Estos cuatro cerros parecían seguir los pasos del San Antonio y tras brutales temblores
comenzaron a dibujar enormes grietas en sus costados. Pedazos enormes de roca y tierra
se desprendían y caían por las laderas arrastrando todo a su paso, incluidas decenas de
casas y cabañas levantadas en aquellos paradisíacos valles. El ruido fue tan ensordecedor
como aterrador, era como si todo el mundo conocido comenzara a romperse en mil
pedazos.
El único cerro que tenía luces era el San Antonio y estas giraban tan rápido que parecían
dos anillos luminosos gigantes. De pronto las luces se expandieron como si hubieran
estallado y alcanzaron varios kilómetros a la redonda iluminando a los otros cerros.
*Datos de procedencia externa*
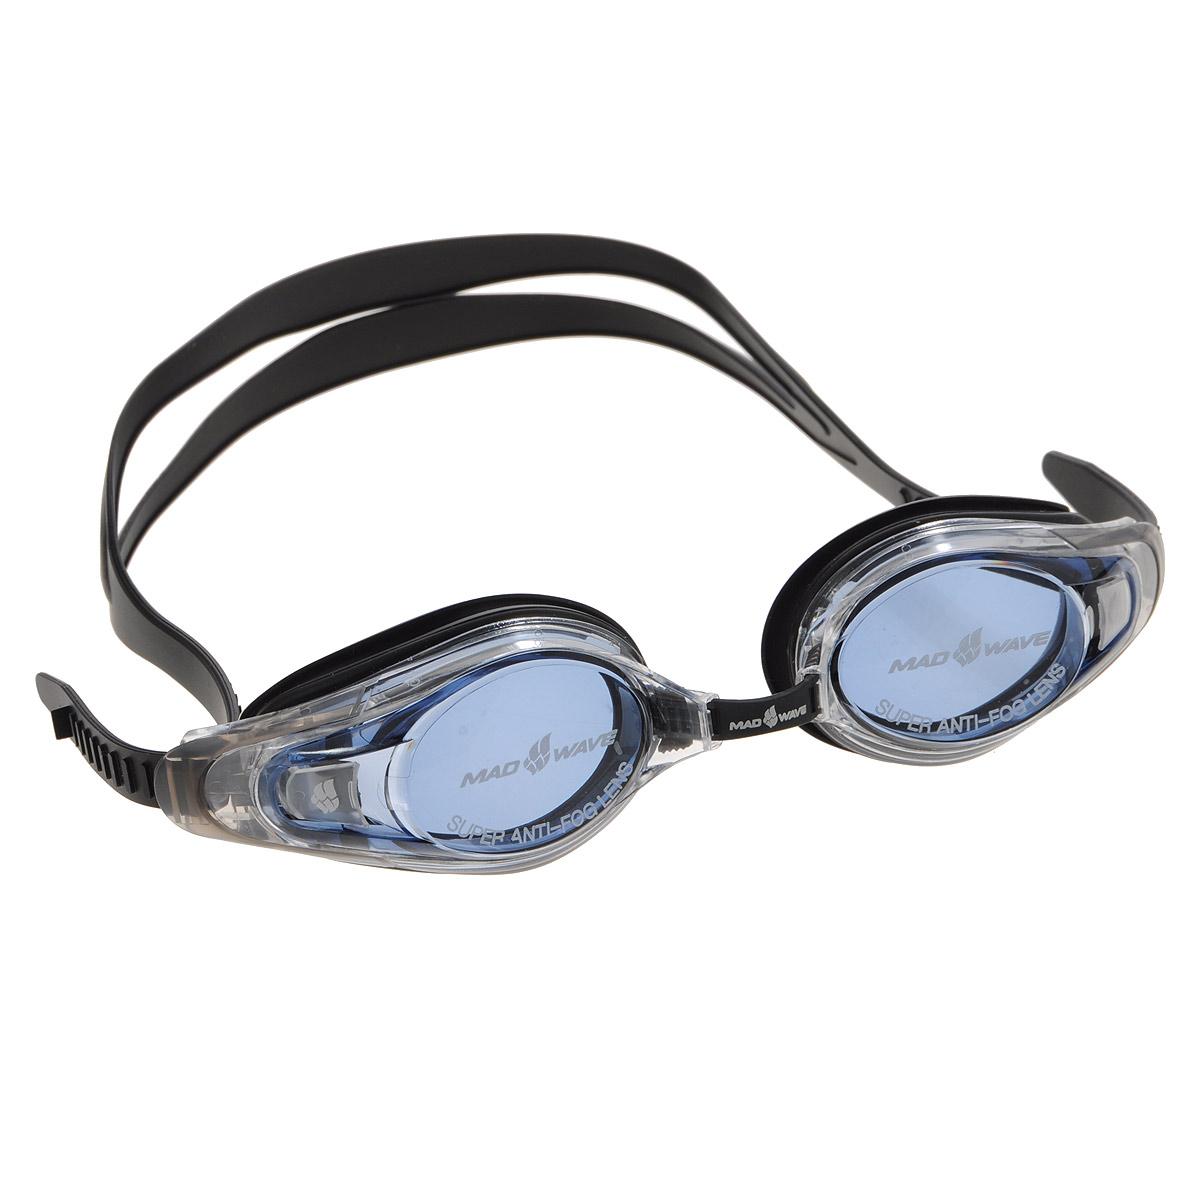 Очки для плавания с диоптриями MadWave Optic Envy Automatic, цвет: черный, -8M0430 16 M 05WОчки для плавания с диоптриями MadWave Optic Envy Automatic. Выполнены из поликарбоната и силикона. Особенности: Удобные очки с оптической силой -8. Система автоматической регулировки ремешков на корпусе очков. Защита от ультрафиолетовых лучей. Антизапотевающие стекла. Регулируемая восьмиступенчатая носовая перемычка. Сменная линза. Надежная безклеевая фиксация обтюратора. Плоский силиконовый ремешок.

El final
estaba cerca.
El último acto de esta noche de terror fue lo más increíble que alguien haya visto jamás.
Todo se había quedado quieto y el silencio solo era interrumpido por el zumbido
insoportable que irradiaban los anillos luminosos del cerro San Antonio, hasta hace pocos
minutos simples focos de luz de calle. De pronto se sintió el estruendo más espantoso que
se pueda imaginar y el cerro comenzó a resquebrajarse por completo… y a elevarse.
Aquella masa enorme de roca, tierra y árboles caía al vacío en pedazos. La gente abajo
veía las casas desmoronarse como si fueran frágiles construcciones de arena. La virgen de
los pescadores salió lanzada y cayó entera sobre los puestos de la rambla. Lo que quedaba
del cerro se había elevado ya más de 100 metros y sus pedazos seguían cayendo al
enorme hoyo que dejó abajo. Las luces continuaban girando en forma de anillos pero ya
no estaban inclinadas como se las veía todas las noches subiendo el cerro. Ahora estaban
paralelas a la tierra y girando a una velocidad indescriptible. La mayoría de los testigos en
la rambla, la ciudad y los balnearios vecinos huían horrorizados. Los pocos que se
quedaron, paralizados por el miedo, vieron cómo los otros cuatro cerros también
terminaban de resquebrajarse y, como el San Antonio, se elevaban.
Cinco enormes naves, ahora todas con luces que giraban en círculos a una velocidad
inigualable, yacían suspendidas en el cielo de Piriápolis, acercándose unas a otras. La que
había emergido del San Antonio era notoriamente la más grande y las otras cuatro
comenzaron a girar alrededor cada vez más rápido hasta prácticamente desaparecer de la
vista humana. Para entonces ya habían llegado al lugar aviones y helicópteros de la Fuerza
5. Aérea, pero a poco de acercarse perdían toda su potencia y caían al agua. Las cinco naves
ahora formaban, o parecían formar, una sola, según pudimos contar después los testigos
que quedamos, entre balbuceos y relatos incongruentes. Contrariamente a lo que muchos
hubieran imaginado en base a los cuentos y las historias falsas, esta nave, o lo que quiera
que haya sido, se alejó muy despacio mar adentro hasta perderse en el horizonte.
“Ellos tenían razón”, repetía días después una anciana ciega de incalculable edad sentada
en la playa de cara al horizonte. Con sus ojos blancos rasgados solía tirar las cartas en la
rambla de Piriápolis, pero ahora solo decía, una y otra vez a quien quisiera escuchar: “Ellos
tenían razón, tenían razón… los cerros no existen, los cerros no existen”.